I just ate 3 burrito supremes and a crunchwrap...can't feel feet...I think I have diabetes
I drank enough to make her look pretty . . It worked and i threw up while going at it
I'm drinking early times at a fridays on wednesday night. This entire bar is going to see my dick by last call.
How does, "Im sorry I was such an intoxicated bitch, I didn't mean anything I said" sound as an apology.
I don't know if it was the room or her, but as soon as the pants came off, it smelt like a locker room and old man farts.
I just found a bag of teeth...
I put the extra pregnancy test in my sex toys box as a reminder that my actions have consequences.
Just remembered when I bought that round of shots I told the girls to "get their whore friend" who was making out with her bf instead of drinking. I don't know why they stayed.
40s are totally the cure
Wake up. Eat bread. Find your dignity. Don't be late for work again.

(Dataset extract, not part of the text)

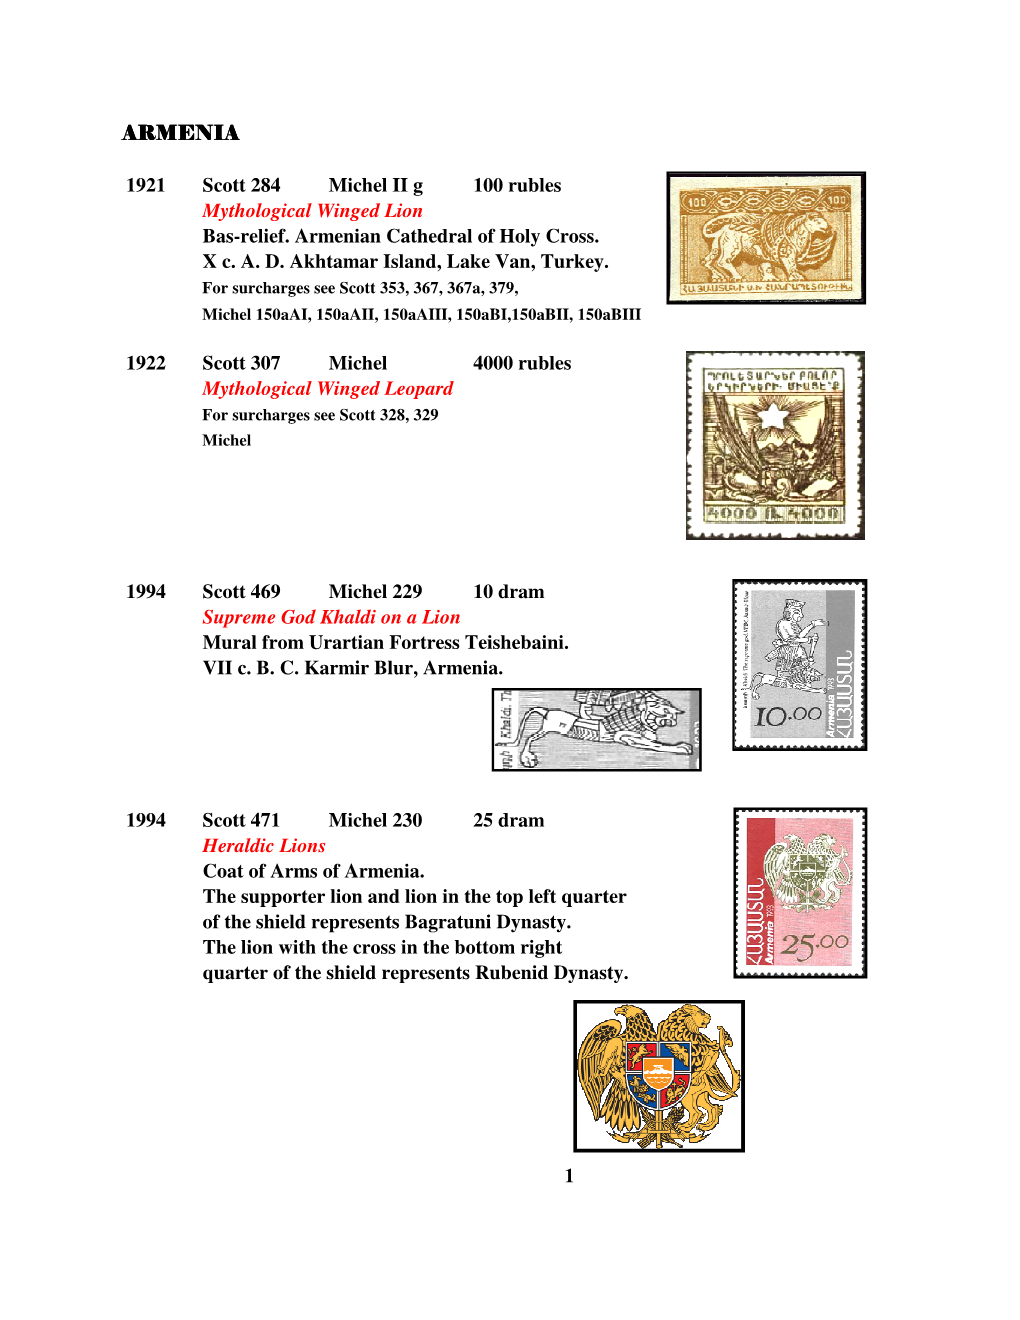 Felines on Armenian and Armenia Related Stamps

We've been watching Scooby Doo and having sex for the past 36 hours, so life is great
How'd your Tinder date go?
Well, I met his girlfriend...
Did you just email Kelly and I gay dinosaur erotica?
I'm sorry I didn't get you anything for your birthday
It's just you didn't get me the fucking bear suit last year
New guy moved in the apartment next door. He's a combat vet, 6'4", Adonis body and going to med school. My vagina is chewing thru the wall as we speak.